When Paradise Is No Longer Affordable

C3482B64-09B3-4437-ADE0-89DDA7D214FAWhat does one do when the home you love is no longer affordable or when you realize your time in paradise is running out?

* Get a job so you can afford to live in “Paradise?”

* Max out your credit cards to extend “Paradise” a bit longer?

* Search for a new “Paradise?”

On my return home from one of the required every four months exit of the island, the Immigration Officer said, “You know, you can’t do this forever.”

I knew exactly what he was talking about but I pretended to be uninformed. “What is that, sir?” I answered in a non apologetic voice. My passport pages were filled with entry and exit stamps from Fiji. I had lived on the island now for over three years using only my Tourist Visa.

“You can’t stay here forever on a Tourist Visa. You need to find another way to be here if you plan on staying any longer.” He stamped my passport and handed it back to me.

“Thank you sir.” I took my passport and continued to the luggage trolly. I thought it was somewhat ironic that whenever I reenter the Unites States, the Immigration Officer almost always says, “Welcome home!” In Fiji, a place I consider home, I am told the day will come when I will no longer be permitted entry into the country on a Tourist Visa. I did’t tell him that my application for residency had been rejected because I had not invested at least two hundred thousand Fijian dollars into the economy through the purchase of land, housing, or as a business investment, nor did I have fifty thousand dollars in a US bank to qualify for residency. My income from my pension and Social Security otherwise qualified me under their guidelines.

It was not an official warning. Those, I understand, are sent by post to inform the recipient that he/she has thirty days to leave the country and must remain out for at least one year. I glanced back to the Immigration Officer as he typed something into the computer before calling for the next traveler.

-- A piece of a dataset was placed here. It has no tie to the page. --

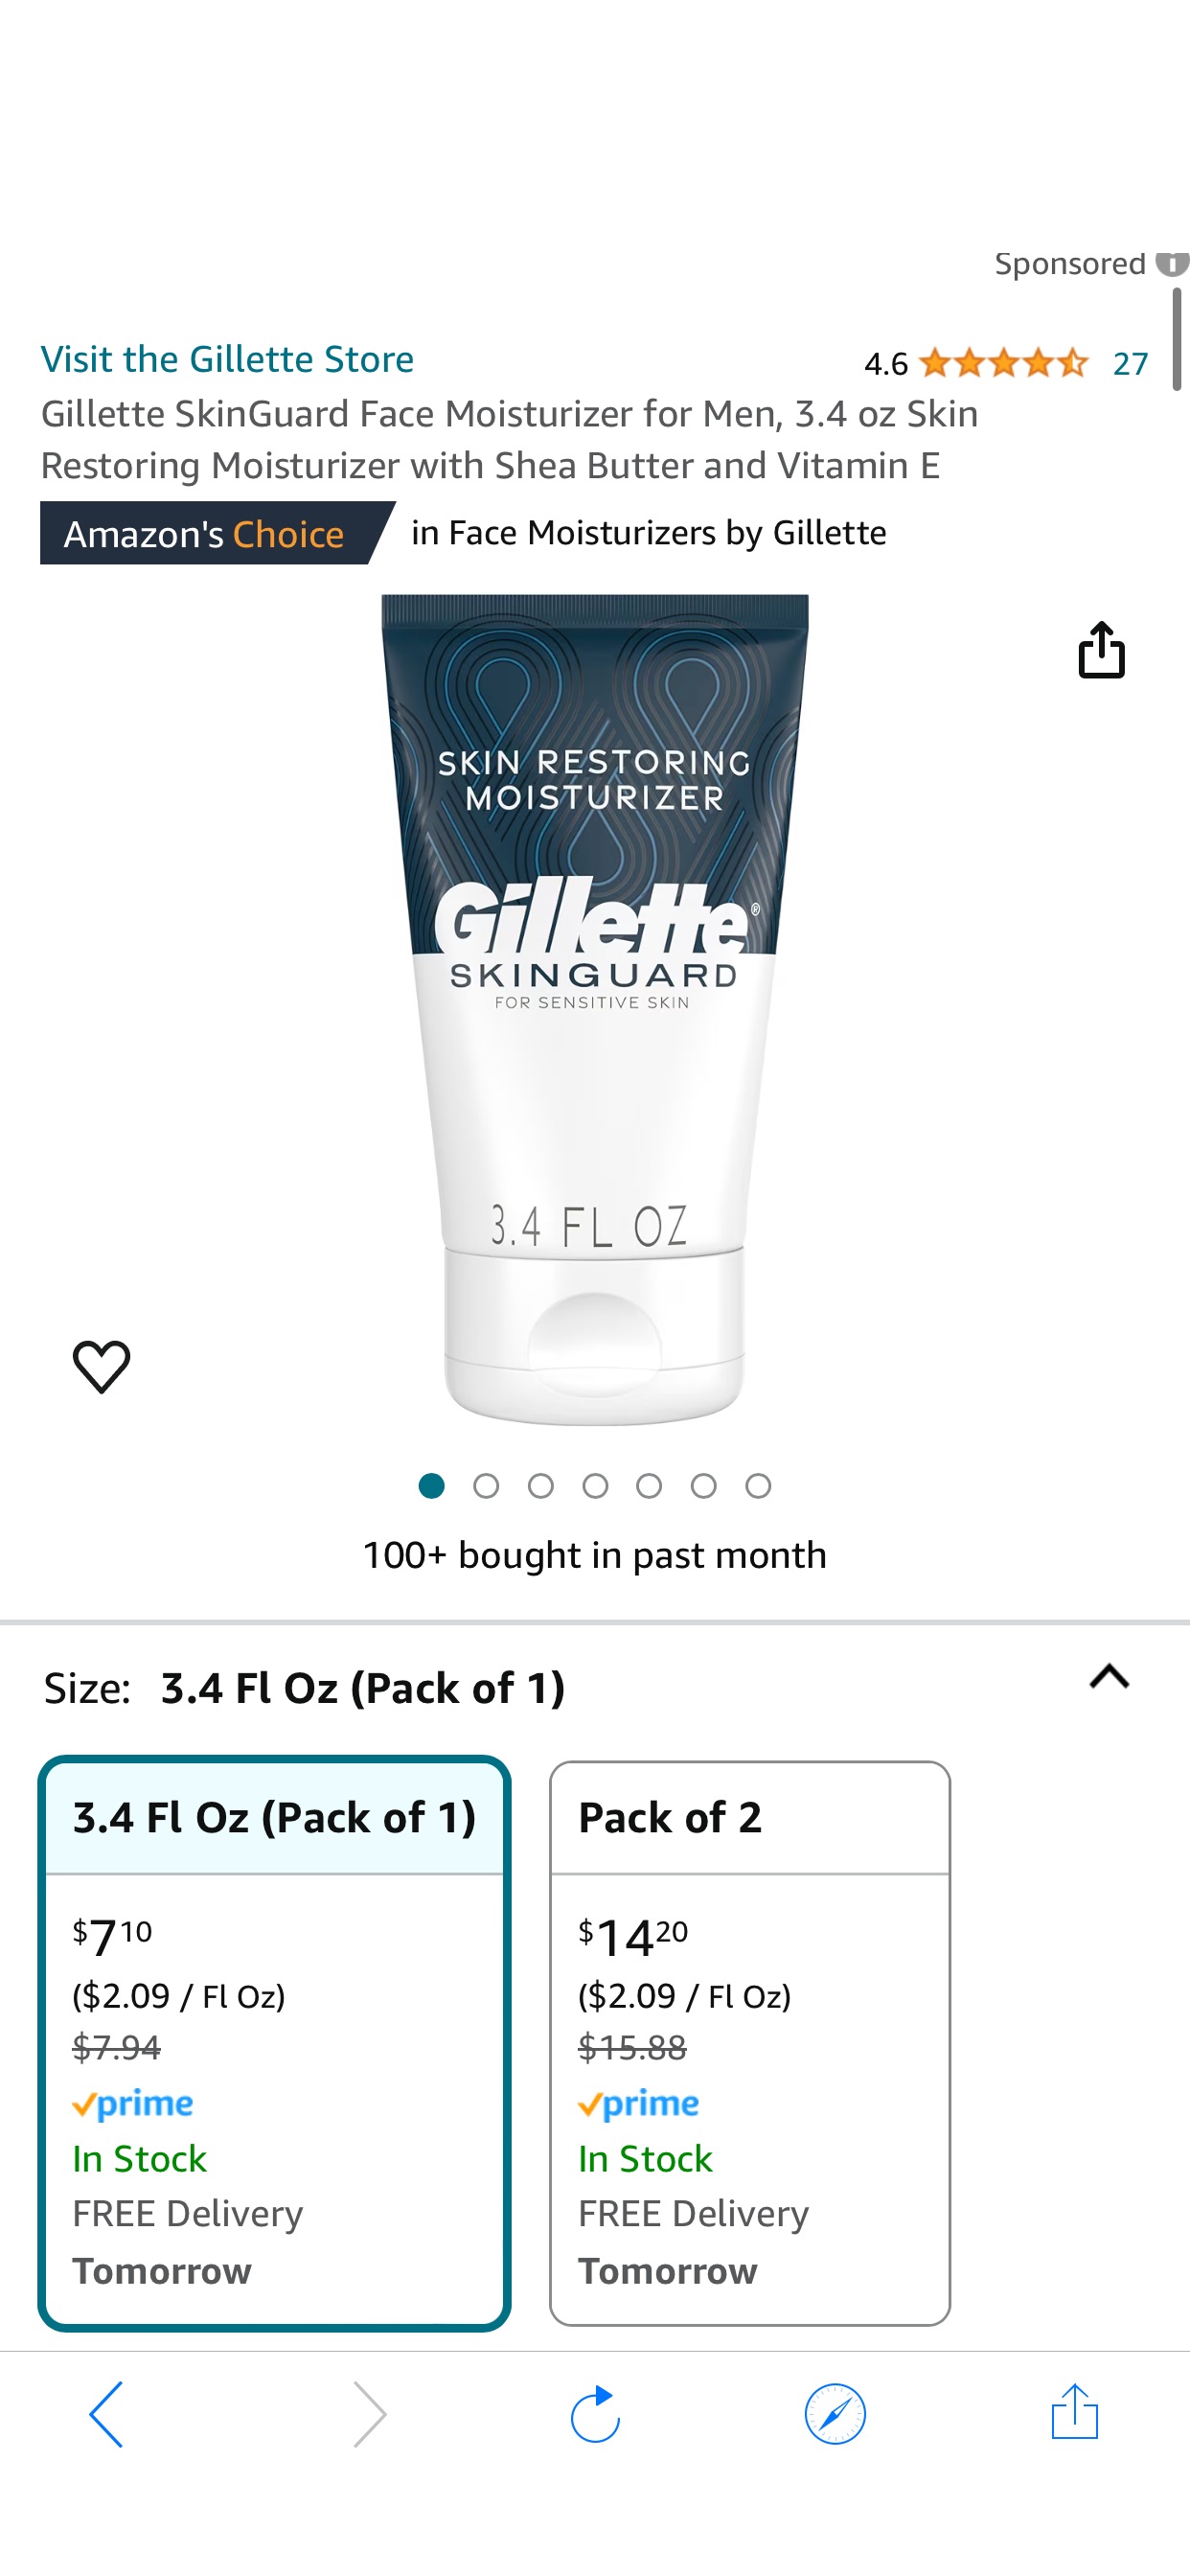 Amazon.com: Gillette SkinGuard Face Moisturizer for Men, 3.4 oz Skin Restoring Moisturizer with Shea Butter and Vitamin E : Everything Else 男士保湿霜

Everything is a sign for something I suppose. Maybe this was my sign to start creating another home or to figure out how to stay in this one. I had managed to pay for my required exists in advance up until now, but my meager savings have run out. It is expensive having to leave the country three times a year. A two month extension is available but it can only be utilized for emergency reasons and not merely to extend my Tourist Visa. No matter where you go from an island, it costs money, and having to leave three times per year amounted to one third of my income.

So how do I stay here? Or is it time to leave? I didn’t actually come here with a plan or time frame, but there is so much I love about Fiji. The sounds of the ocean, the millions of stars in the unpolluted skies, plucking a ripe papaya from a tree in the front yard, and quenching my thirst after working in the garden with the sweet juice from a coconut. It is a simple life I live here, but the required exits have made it unaffordable.

I could marry a local and gain residence, but that option is not one I would consider. I am still an old romantic, so being in love would have to be a huge part of any decision to marry. I could extend my time using my credit cards, but that option would always keep me in debt. I thought I had the issue resolved a few months ago when Jeanette offered me a work permit, but it fell through. “Too much government paperwork,” she said. Besides, I didn’t come to Fiji to work. I came here to live my life the way I dream of my life.

Or, I can take Thoreau’s position, “that I have several more lives to live, and cannot spare any more time to this one.” I thought, for whatever reason, my major life changes and moves were over, but it seems I still have more castles to build in the sky somewhere if not here.